67th Annual Conference

 

Saturday, February 27

Afternoon Workshops

1:30 - 4:00 P.M.

 

Workshop 94

Body-Speech-Mind: An Experiential Group Approach to Clinical Supervision

 

Chairs:                

Lauren Marie Casalino, M.A., Associate Professor, Department Chair, Naropa University, Boulder, Colorado

Karen Kissel Wegela, Ph.D., Professor, Naropa University, Boulder, Colorado

 

Body-Speech-Mind groups invite their members to mindfully track their own experience as one member presents a client using a descriptive format developed in Naropa University's Contemplative Psychotherapy program. The clinical relationship is "brought into the room" through this method and is illuminated by the group's own process and interaction in the here-and-now.

experiential-sharing of work experiences-didactic-demonstration

 

Learning Objectives:

The attendee will be able to:

1. Explain key concepts in contemplative psychotherapy:  brilliant sanity, the arising of confusion, egolessness and "exchange."

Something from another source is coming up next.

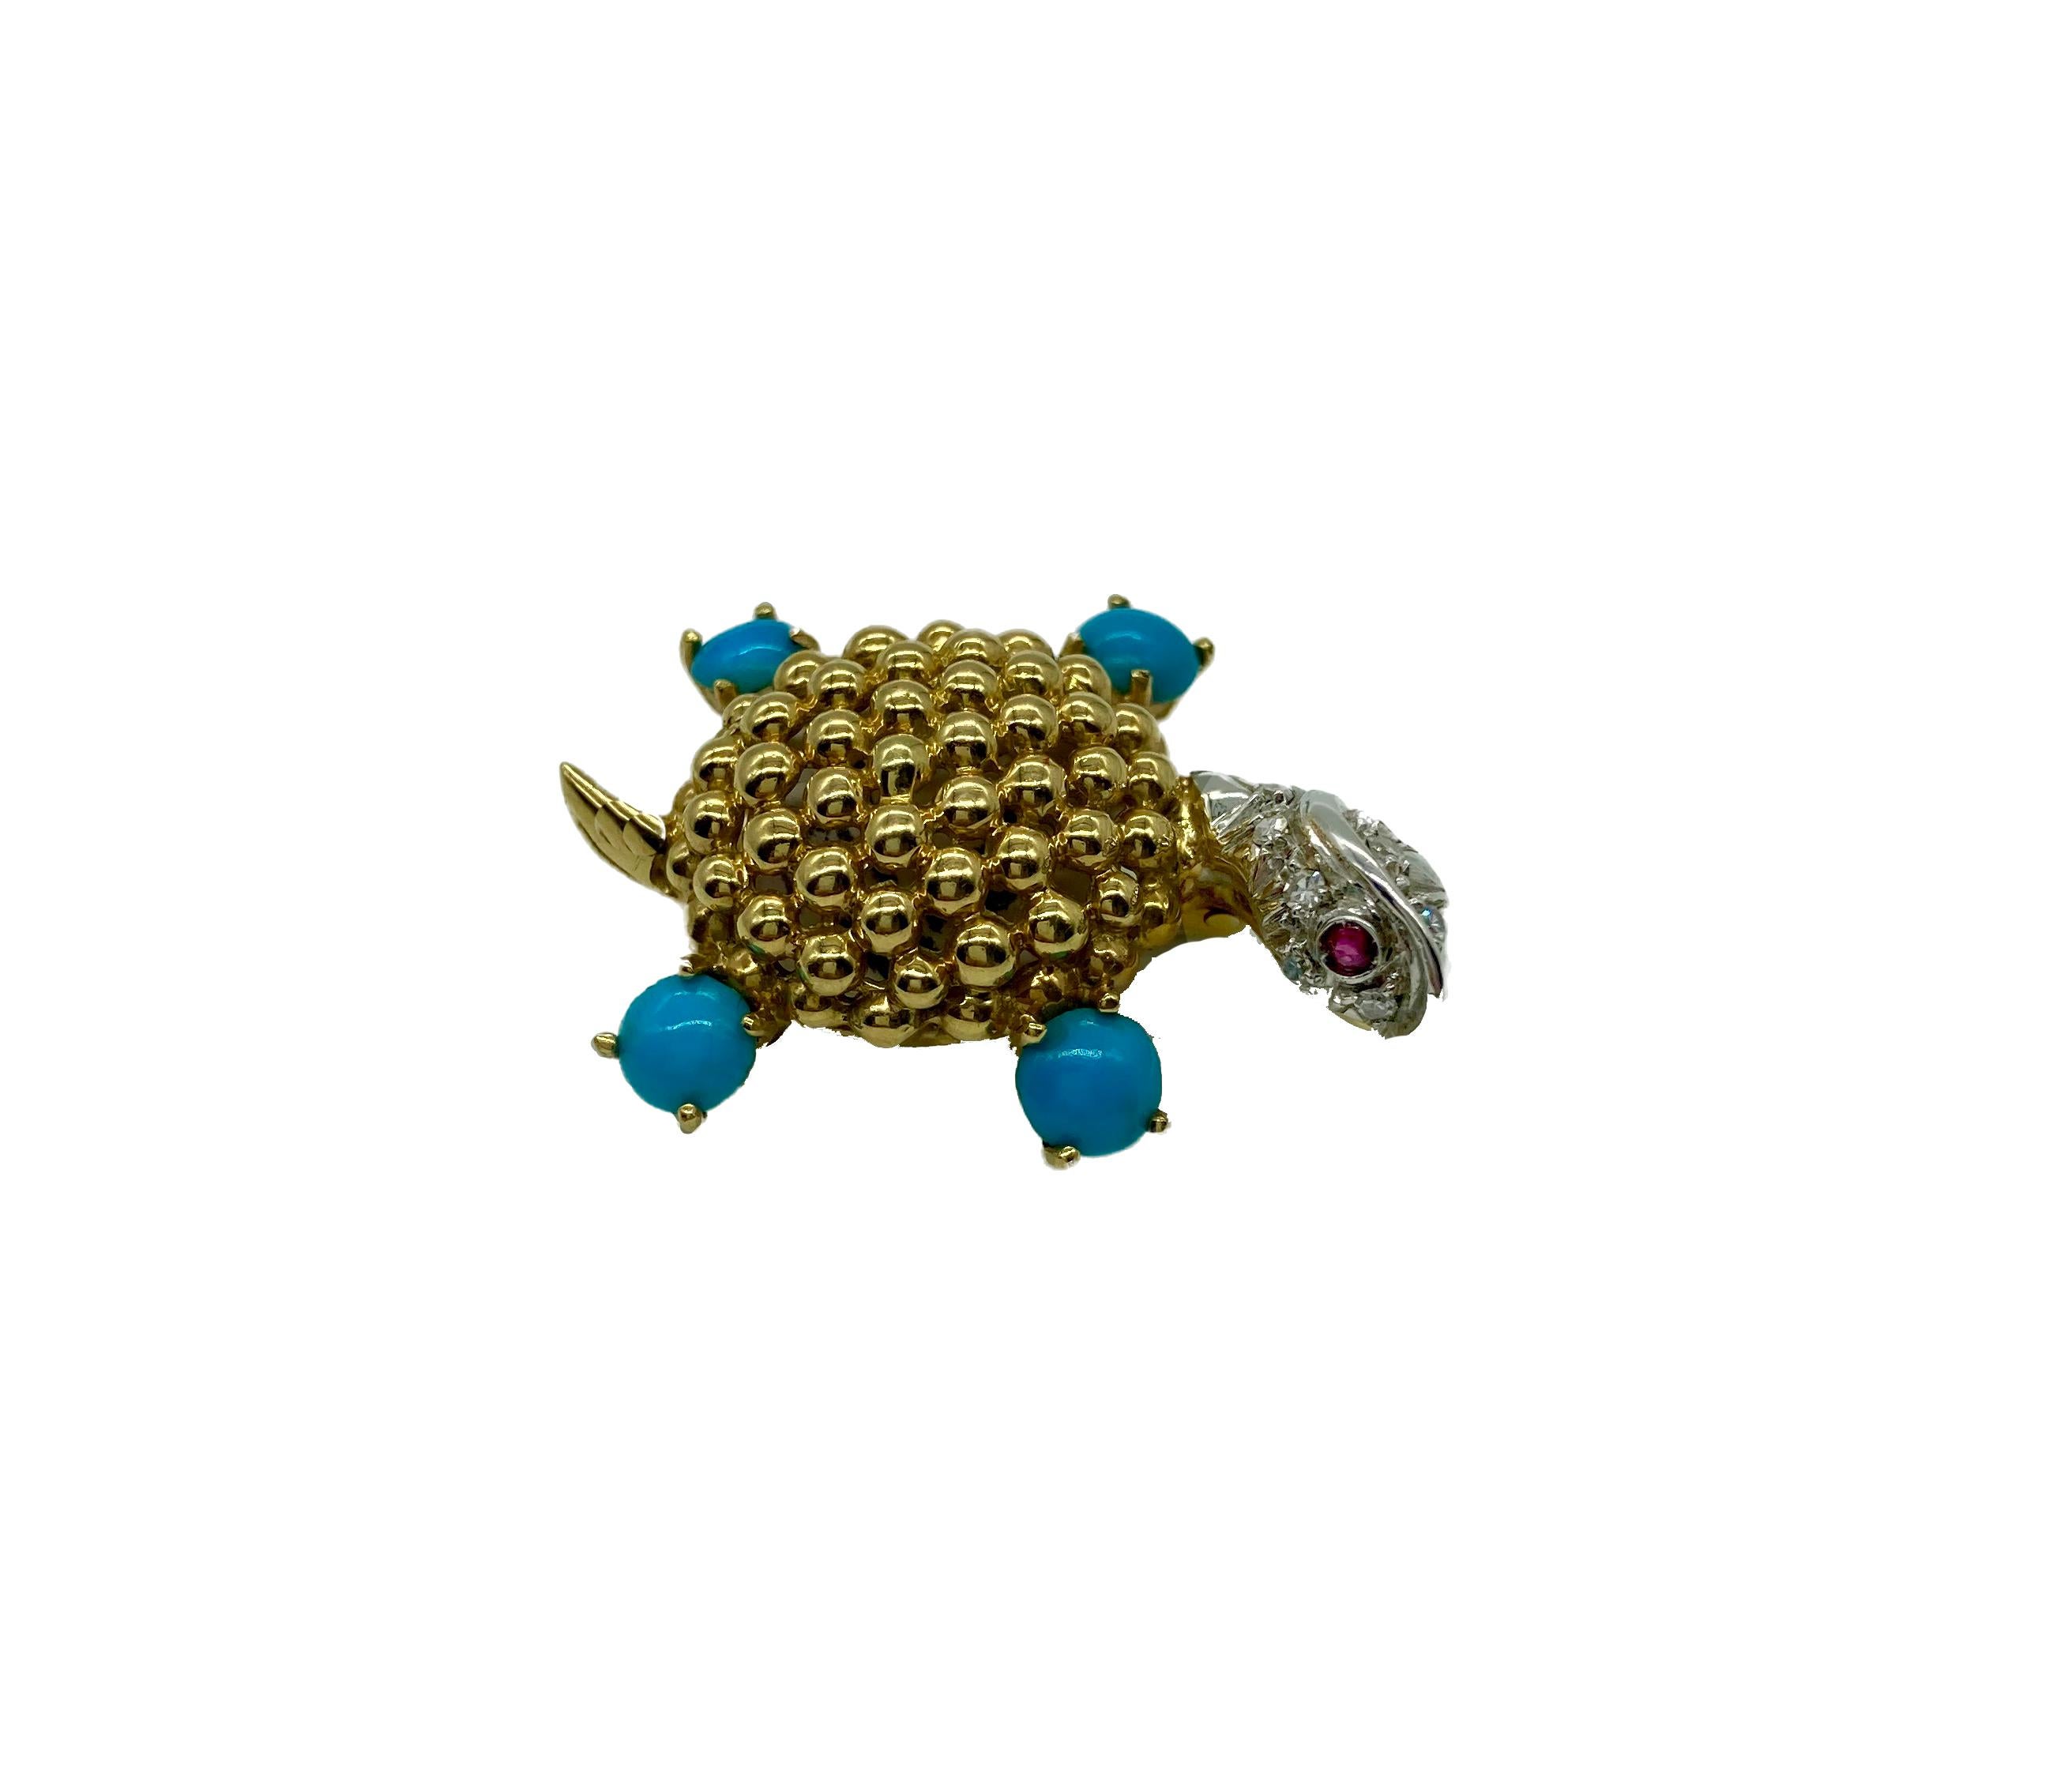 Petite broche tortue en or texturé avec des pattes en turquoise, une tête en diamant et des yeux en rubis. Vers 1970.

2. Describe the principle of exchange and recognize it in his or her experience.

3. Identify and use the categories of body, speech, and mind in clinical presentations.

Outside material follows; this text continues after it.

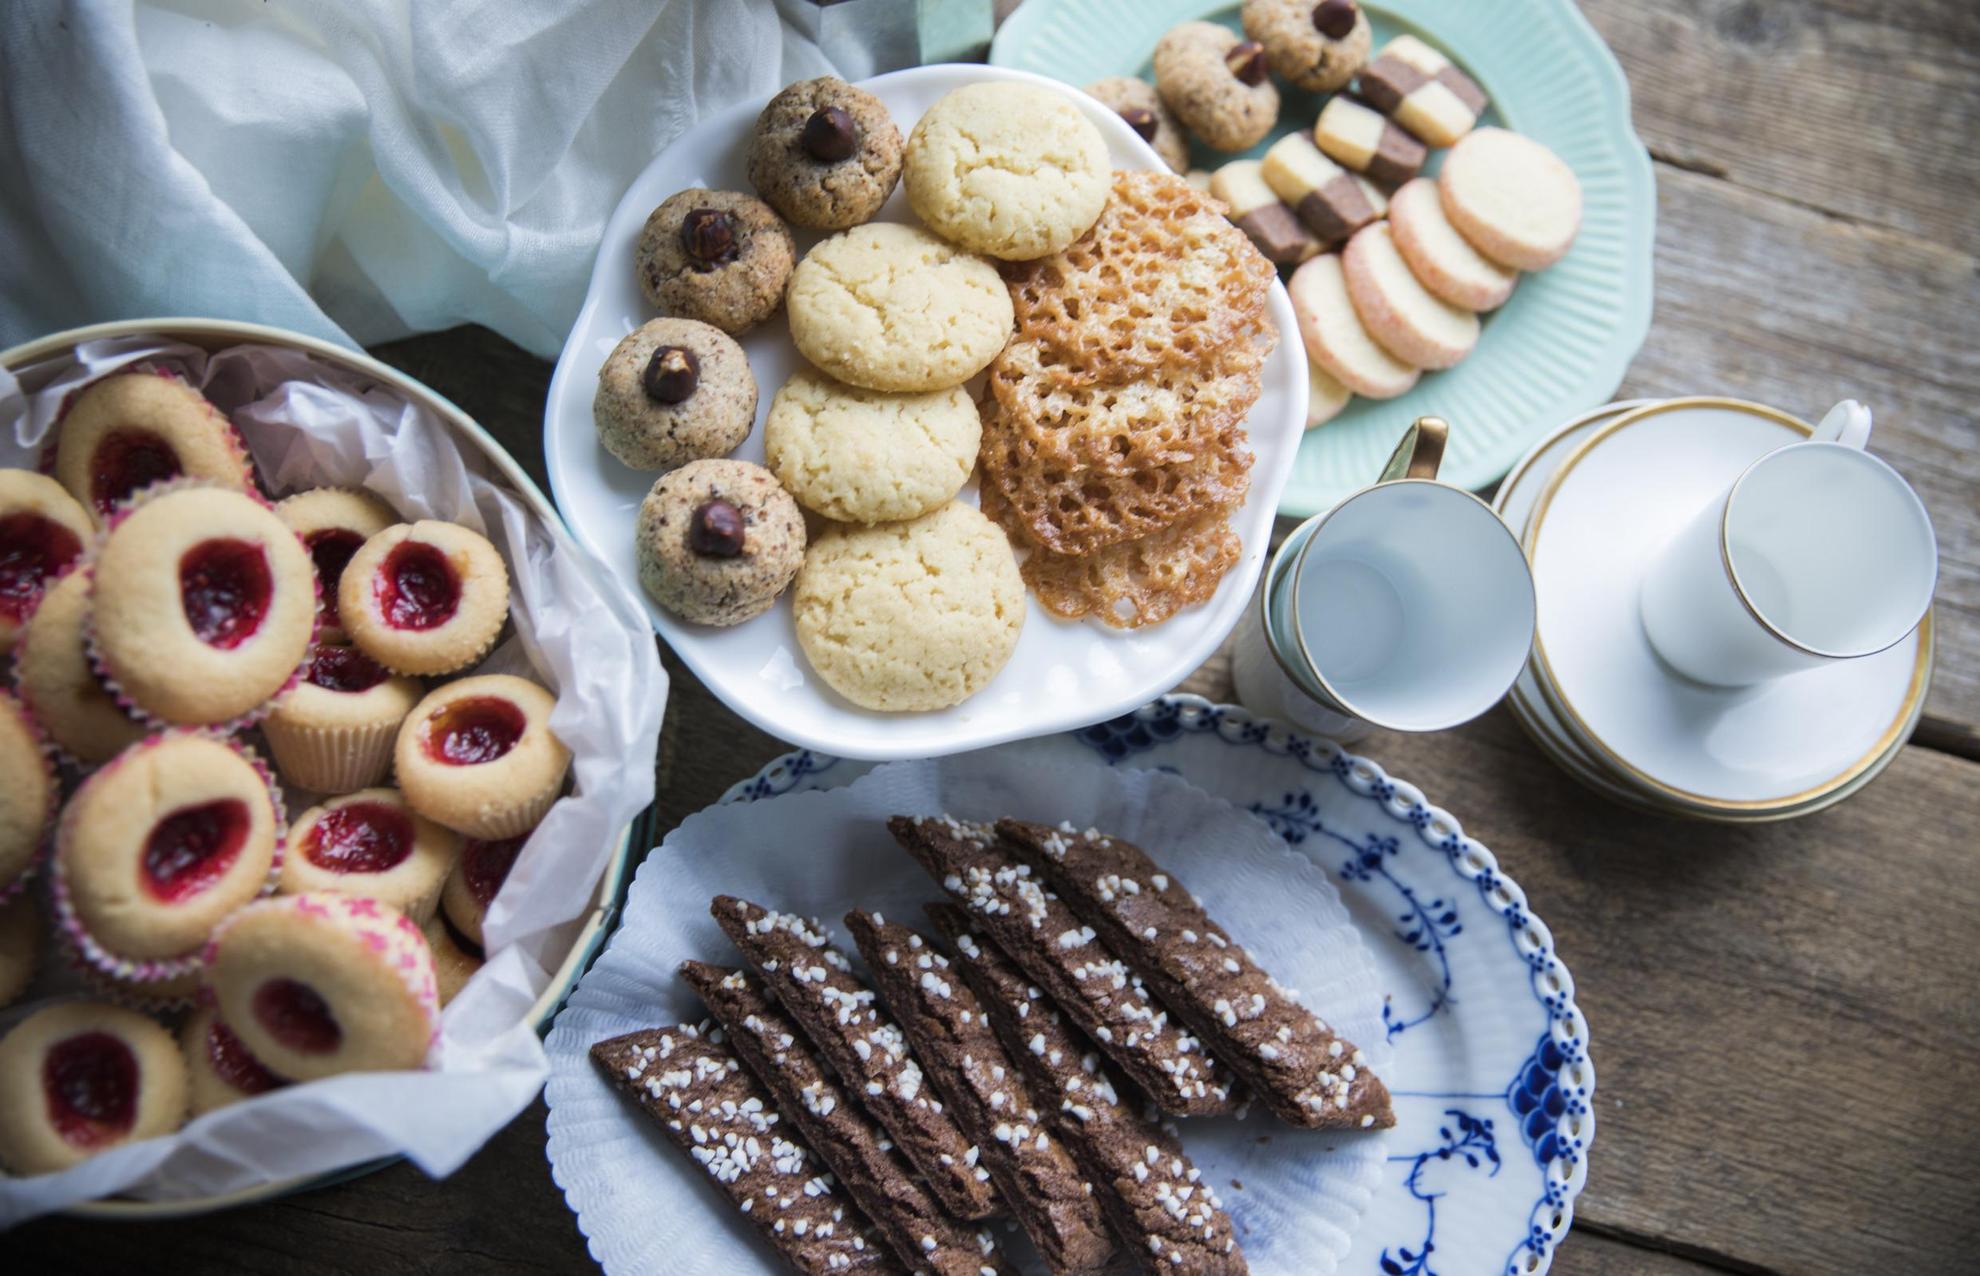 Sieben Arten von schwedischen Keksen liegen auf mehreren Tellern verteilt.

4. Identify the steps for creating a body-speech-mind supervision or consultation group.

 

Course References:

Rabin, B. and Walker, R. (1987). A contemplative approach to clinical supervision. Journal of Contemplative Psychotherapy, 4, 135-149.

 

Trungpa, C.(2005). The meeting of Buddhist and  western psychology. In C. Gimian (Ed.), The sanity we are born with: A Buddhist approach to  psychology. Boston: Shambhala, pp. 3-12.

 

Wegela, K.K. (2008). Listening beyond the words: Working with exchange. In F.J.Kaklauskas, S. Nimanheminda, L. Hoffman, and M. Jack (Eds.), Brilliant sanity: Buddhist approaches to psychotherapy. Colorado Springs, CO: University of the Rockies Press.